The ubiquity of corporal punishment in schools at the hands of male authority figures could not help but have profound effects on Irish men and women. The literature on child abuse has long shown that children who are physically maltreated are more likely to be violent with their own children, creating cycles of violence across the generations. Beatty astutely argues that “Catholic-centric explanations serve … to exculpate the state. Thus, in the context of a society that has ostensibly moved away from Catholicism, oppressive social control can be historiographically represented as something Catholics were responsible for in the past, whilst the state, then as now, remains blameless” (210; author's emphases). Before the phrase “It could happen to a bishop” became a punchline alluding to secret children sired by members of the Catholic hierarchy and other scandals, the common phrase was used to convey the idea that bad things could happen to even the best of men. After the Ryan Report, it is hard to imagine a consensus that sees Irish bishops as the embodiment of untarnished virtue.
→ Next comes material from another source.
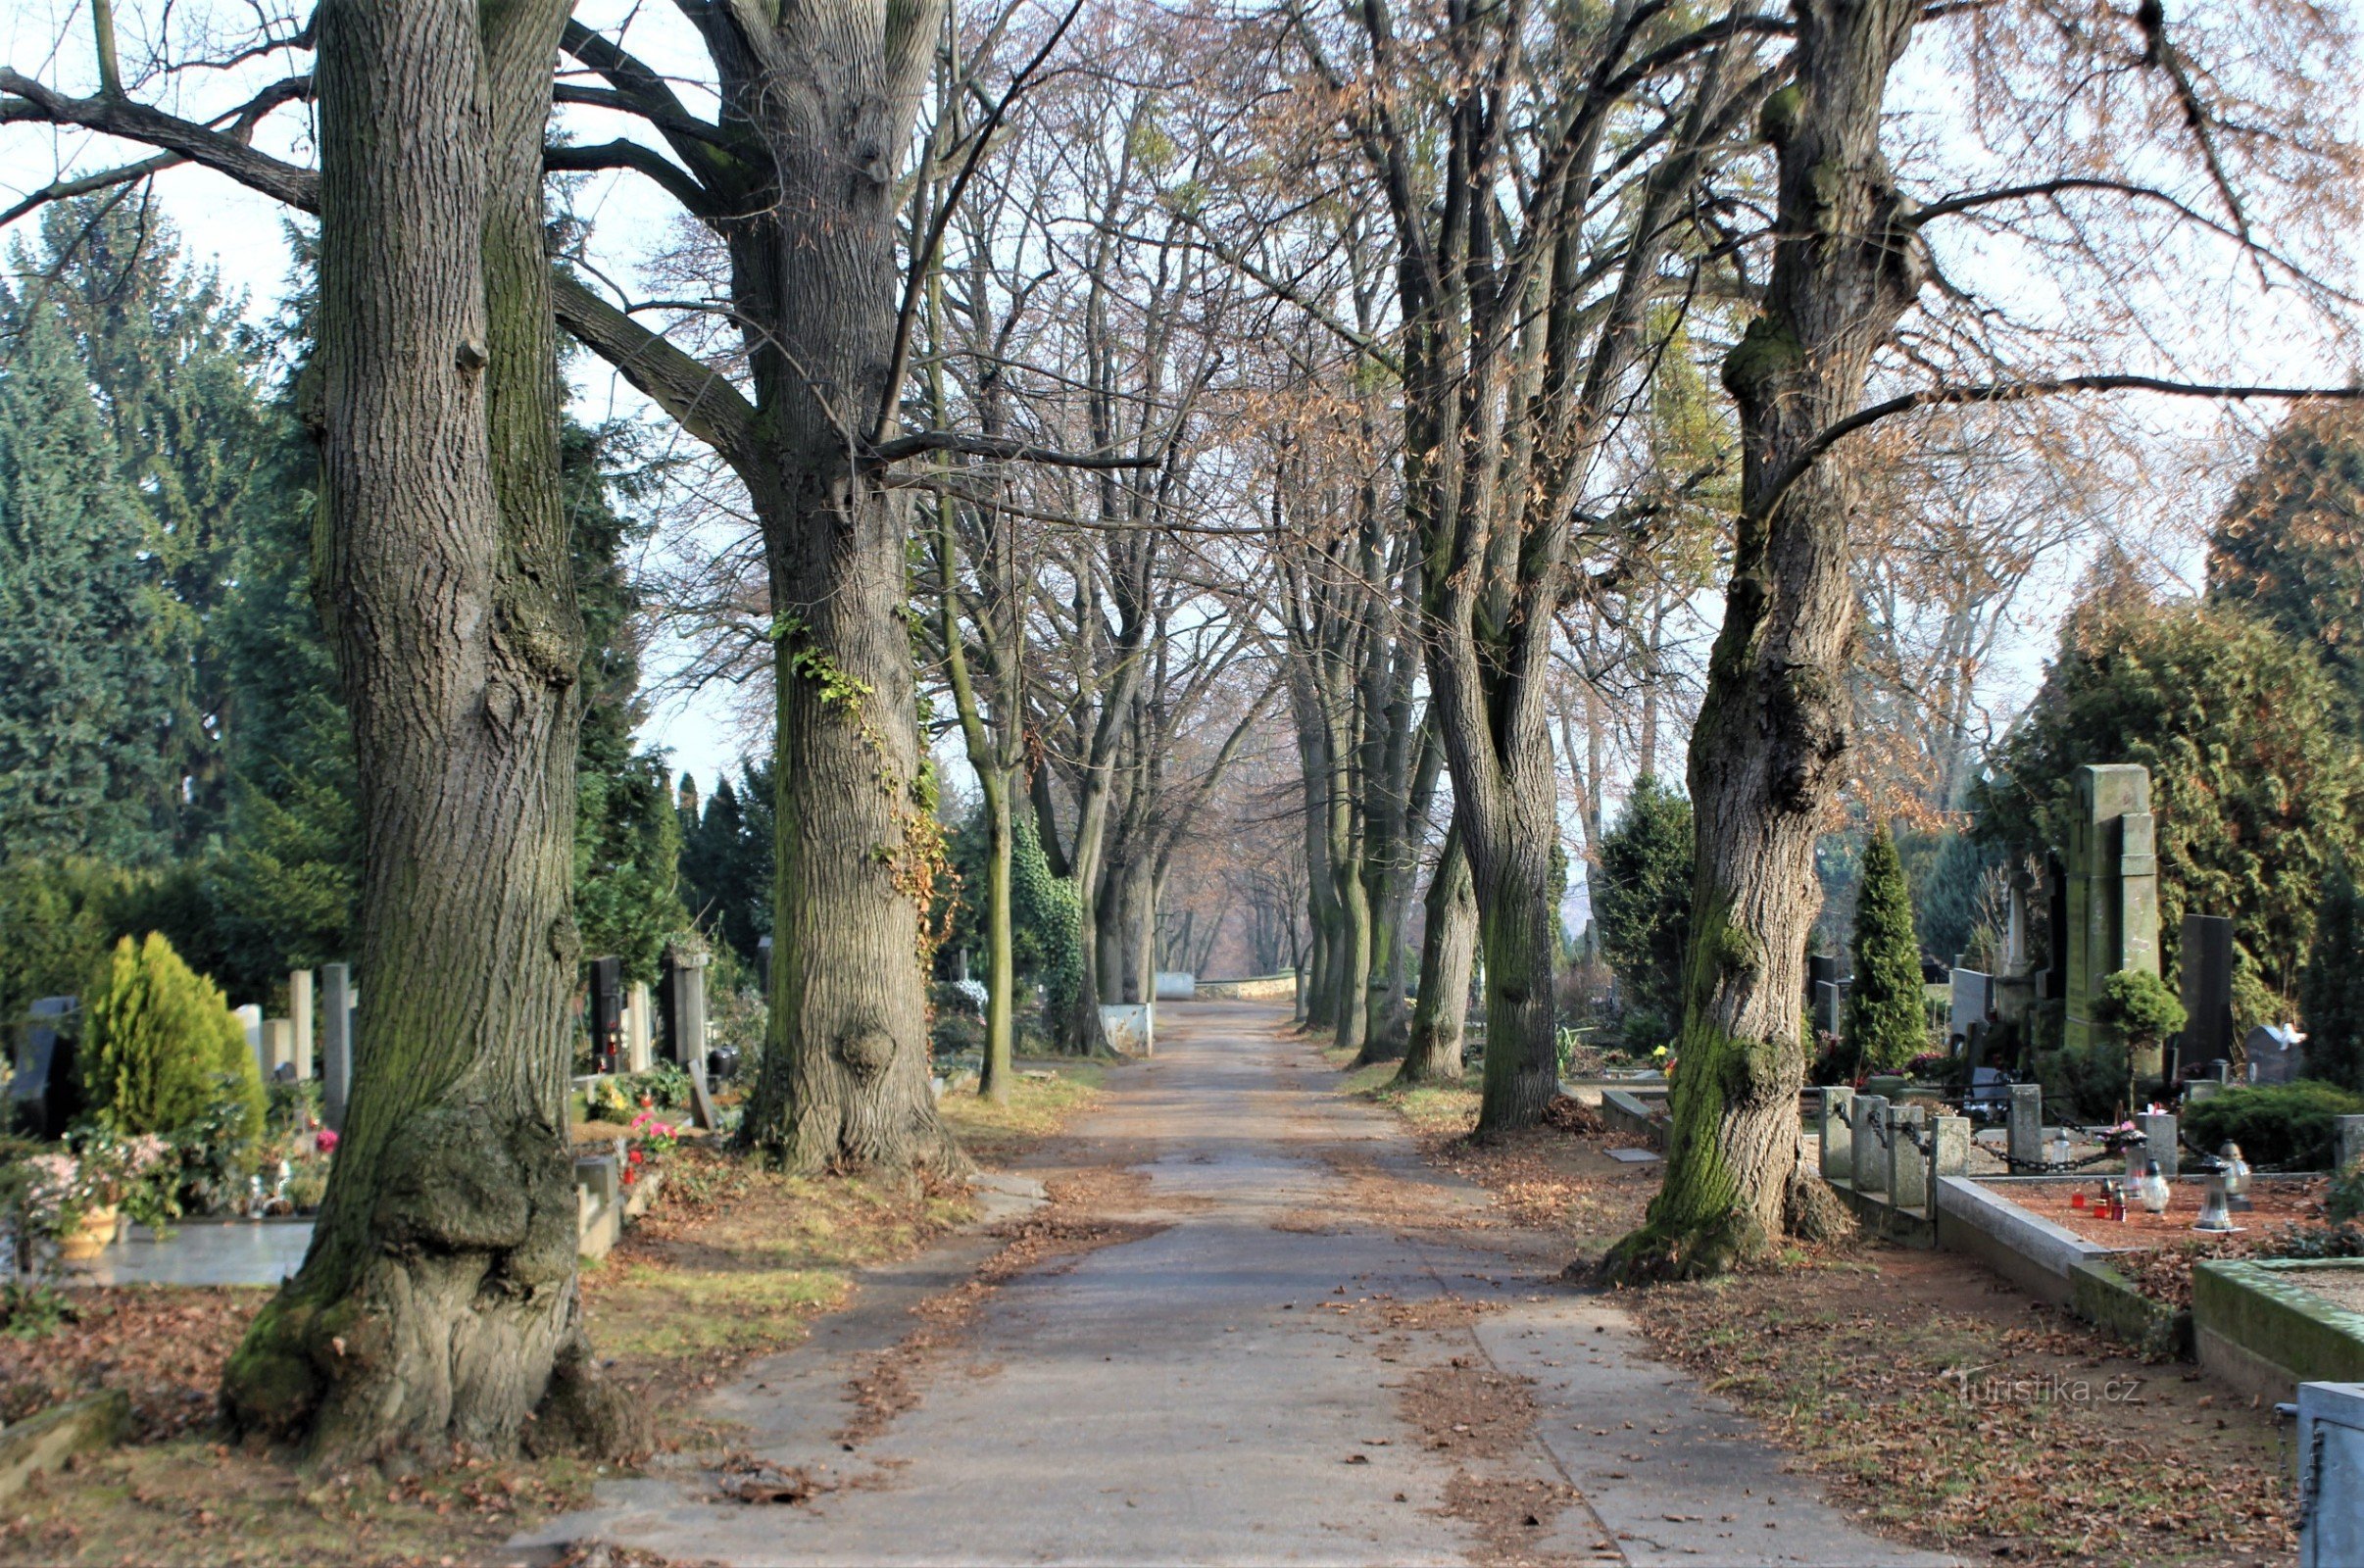 Hřbitov je protkán sítí alejí se vzrostlou zelení

An examination of the state's tacit support for prevailing models of clerical masculinity—especially with regards to open secrets of illicit sexuality and physical violence—would have tied in well with Beatty's other case studies and strengthened the overall argument.

Despite the book's many strengths, Beatty somewhat oversells the uniqueness of his chronology and subject matter. While there are of course monographs about the revolutionary period, Irish historiography is not particularly bifurcated at any one date—not 1916, 1922, 1937, or 1949. Most major histories do not specially privilege a date in that range as a major dividing line for Irish culture, as opposed to Irish politics and governance. R. F. Foster chooses 1600–1972, Paul Bew 1789–2006, Alvin Jackson 1798–1998. Diarmaid Ferriter focuses on the whole twentieth century. In other words, there is no established consensus that Irish culture and society (as opposed to politics) drastically changed in those years, so there is not much to be debunked. Furthermore, while interesting in conception, I did not find the Zionist “mirror” to be particularly enlightening. Beatty uses a smattering of Irish- and Hebrew-language sources in his work, which certainly points to an uncommon linguistic repertoire, but the comparison never provides a novel interpretation of Irish masculinity beyond showing that it was indeed part of a wider European culture of gender construction. These (possible) shortcomings are nonetheless easily overlooked in light of the overall contributions of this eminently worthwhile monograph.